(NEW YORK) — AJO is extremely fortunate to have Garnette Cadogan teach Long-Form Narrative at NYU, giving our online students access to his style, wisdom, and humor. Cadogan is a renowned essayist whose writing explores the promise and perils of urban life, the vitality and inequality of cities, and the challenges of pluralism. He is also the editor-at-large of Nonstop Metropolis: A New York City Atlas. In the fall of 2017, Cadogan was included in a list of 29 writers from around the world who “represent the future of new writing.”
We recently sat down with Cadogan to chat about what it’s like teaching AJO students in a virtual setting and what his hopes for the future are.
Why is educating the next generation of writers and reporters important to you?
Educating the next generation of writers and reporters is an opportunity to participate in an enriching conversation about the essential, the urgent, the playful, and the beautiful. That I get to do so with AJO students—a wonderful mix of curious and passionate and generous and witty people—has made teaching an immense delight, especially because I’m invited to learn and laugh and discover alongside them. I develop skills—critical thinking, perceptive reading, compelling writing—in lockstep with them and the classroom becomes a place where we achieve together.
What are your favorite subjects or lectures that you teach in Long-Form?
My favorite subject and lecture in my Long-Form class is the importance of curiosity—I see my primary task as encouraging people to pursue and share and illuminate their curiosities—and so the best gift I could receive from any student is the affirmation that our time together was an encouragement to wed curiosity to imagination and share that with a reading audience.

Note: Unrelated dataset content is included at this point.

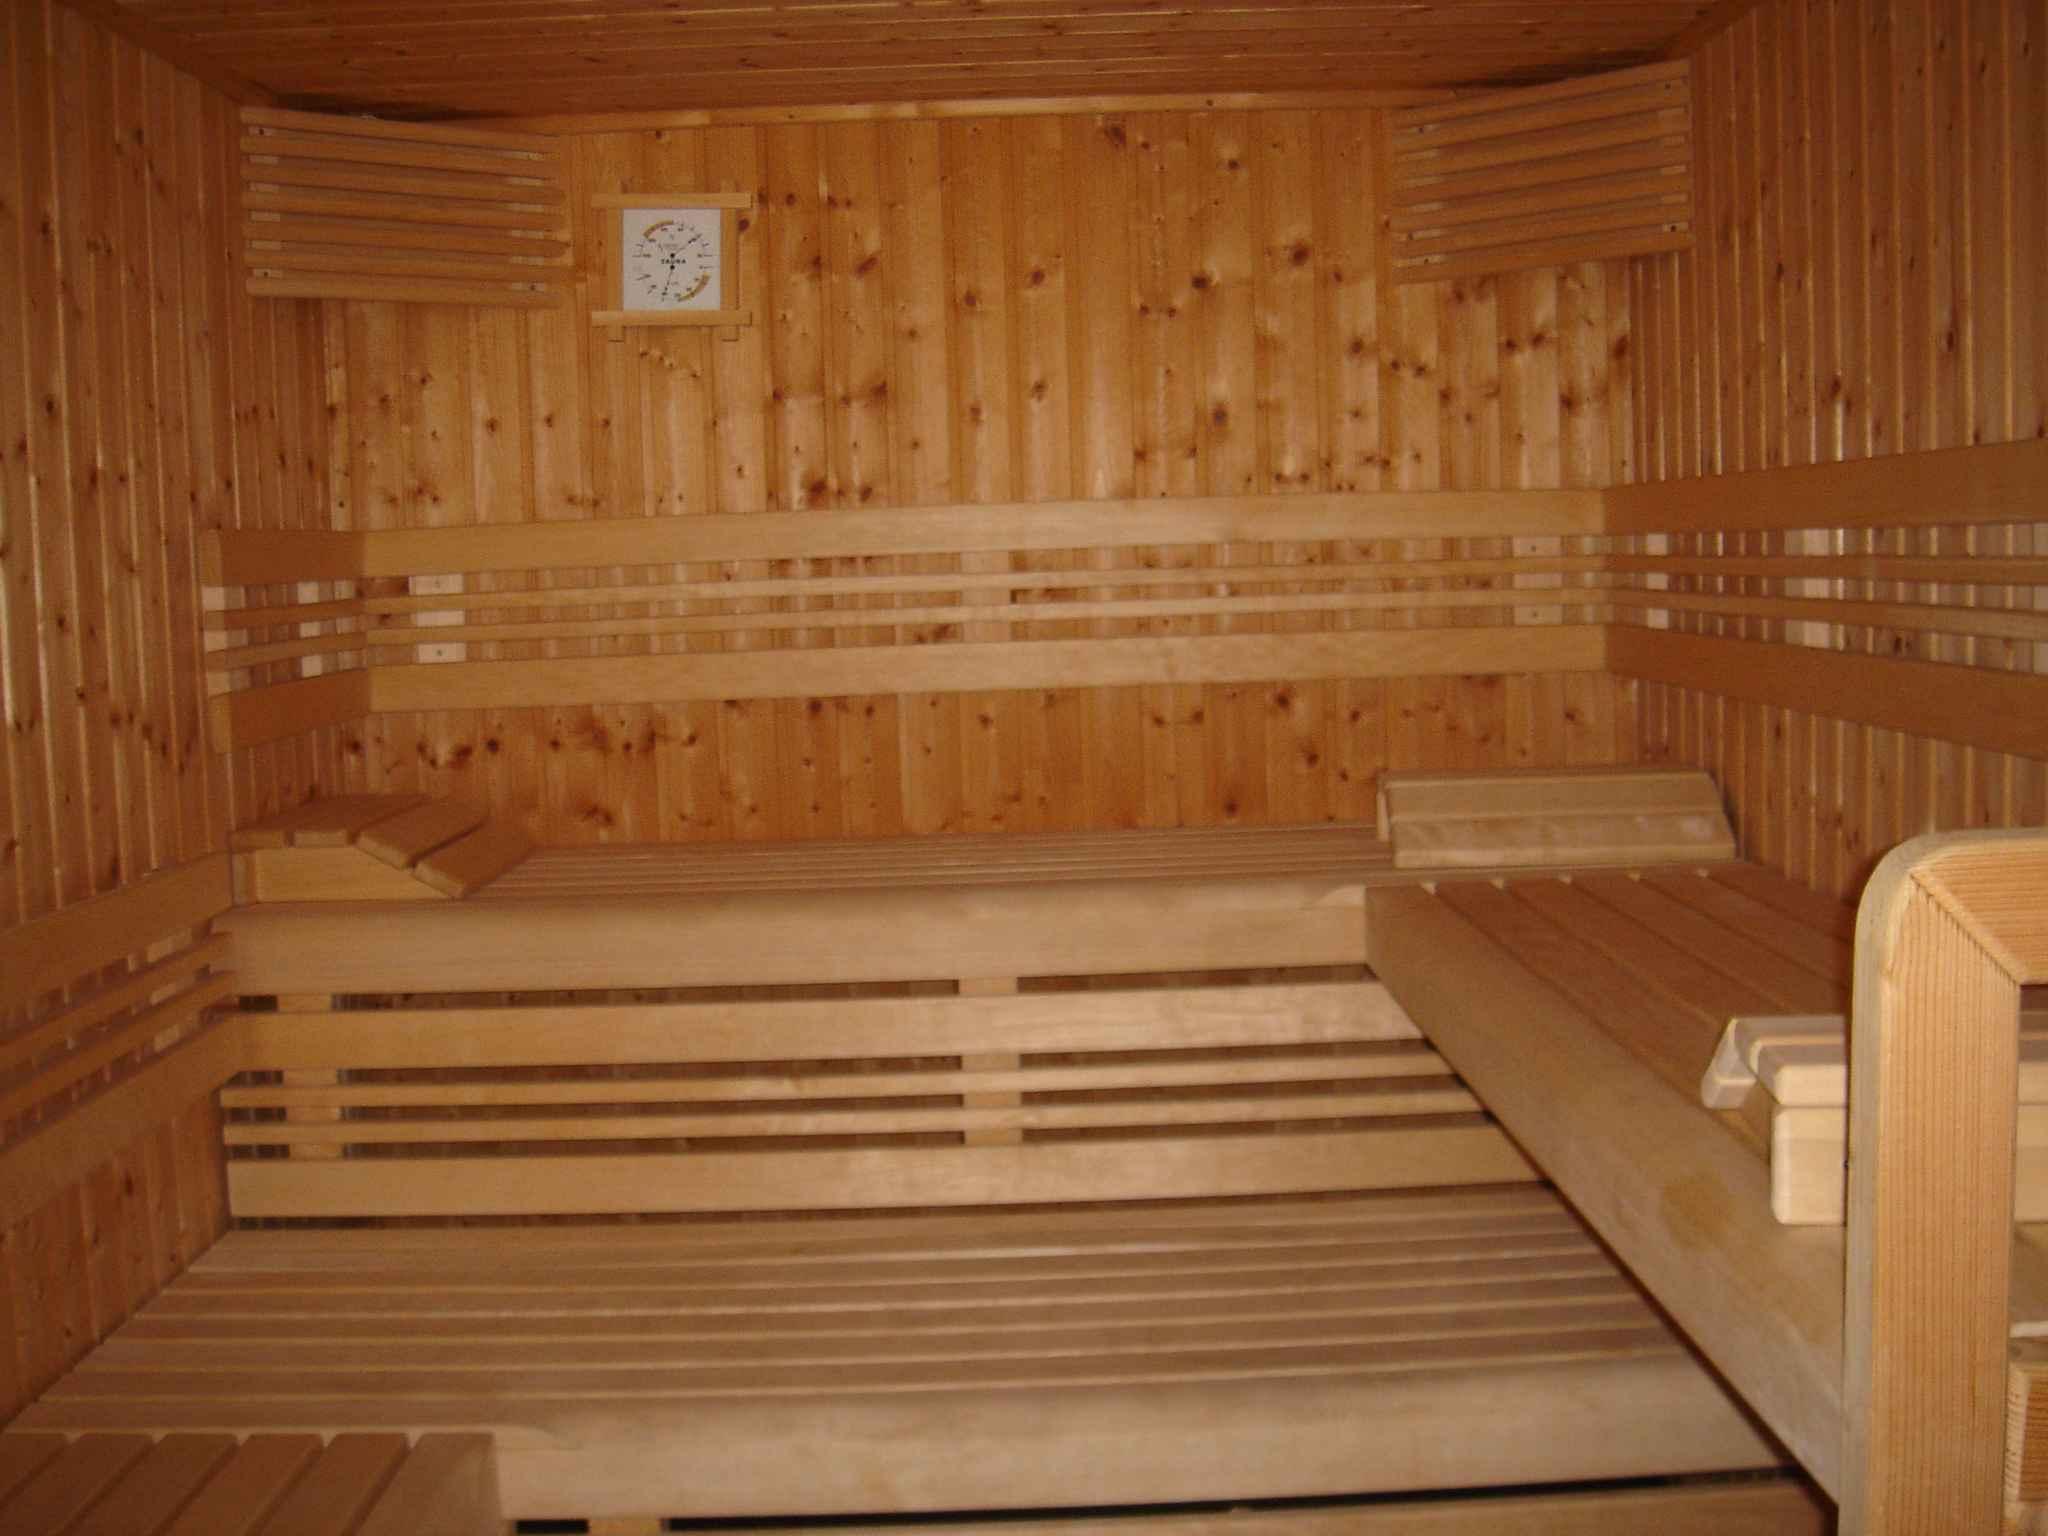 Ferienwohnung in Residence Bellavista (586751), Pego, Costa Blanca, Valencia, Spanien, Bild 15

What has virtual teaching been like? Does it allow you to form new kinds of connections with your students?
Teaching is about paying close attention—paying close attention to material, paying close attention to students, students and teacher paying close attention to words and rhythm and ideas and people—and being in a virtual classroom ironically fosters habits of close attention. Yes, we lose the warmth and dynamics of human proximity where we can read and respond to gestures and tone of voice and the silence of a room. We lose some of the pattern recognition that one acquires from the intimacy of face-to-face encounters.
But online there is no “back of the class”—I get to pay attention to everyone before me as if they were in the front row; I get to employ the flexibility that comes from being online, using technology to draw in voices and conversations and make the structure of our classes support a more interactive architecture (quick call-up of Youtube videos, anyone?); we all get to experiment with innovative approaches to collaboration and teamwork (breakout rooms, anyone?), sometimes ending up with a more richly interactive environment than a physical classroom. And paying close attention to the “always front row” allows me to form connections with my students that are beautiful and mutually supportive.
For this experience, I have Adam Penenberg and Lydia Page to thank. They have both helped make my teaching and learning all the more enjoyable and deserve so much credit for creating an open and generous atmosphere that privileges the building of community.
Looking back at your last semester with AJO students, are there any moments that stand out?
Semester after semester I finish my classes with AJO students that have become part of my community of fellow learners and my community of friends. So many beautiful moments punctuate my semesters that it’s near impossible to pull out the highlight—so many compete for the most moving moment in a semester overpopulated with moving moments—but the big standout this past (Summer) semester has to be opening my front door to see a bounty of gifts from my front row conversation partners. It was timed perfectly to arrive on the last day of class and as I opened the gifts, the class shared their testimony about what they learned and what our community meant to them.
Every semester, gifts upon gifts arrive from my AJO classes at my door. And, yes, every semester I open them as a bawling fool—how can I respond to such generosity with dry eyes?—but this moment on my last class I was bowled over by the realization that the gifts were all loves that I mentioned in passing conversation and never thought anyone would remember (See, proof that close attention occurs in virtual rooms.) What most moved me, though, was the testimony of everyone that they felt invited to deepen and explore their curiosity and expand and share their imagination.
Are you proud of your students? Why?
I could not be prouder of my students, not merely because of how incredibly hardworking and adventurous and curious they are, but because of how they all understand and insist upon the fundamental importance of care and community. They go beyond collegiality—they support and encourage and comfort and build up each other, insisting upon a writing life that gives equal weight to head and heart.
Teachers say this so much that it has entered the land of cliche: Teaching changes me as much as or even more than it changes the students. I fess up to this being true for me, and after every AJO class I can pinpoint a before-and-after (sometimes multiple ones) and track my own growth that emerges from our community of caring, attentive fellow travelers.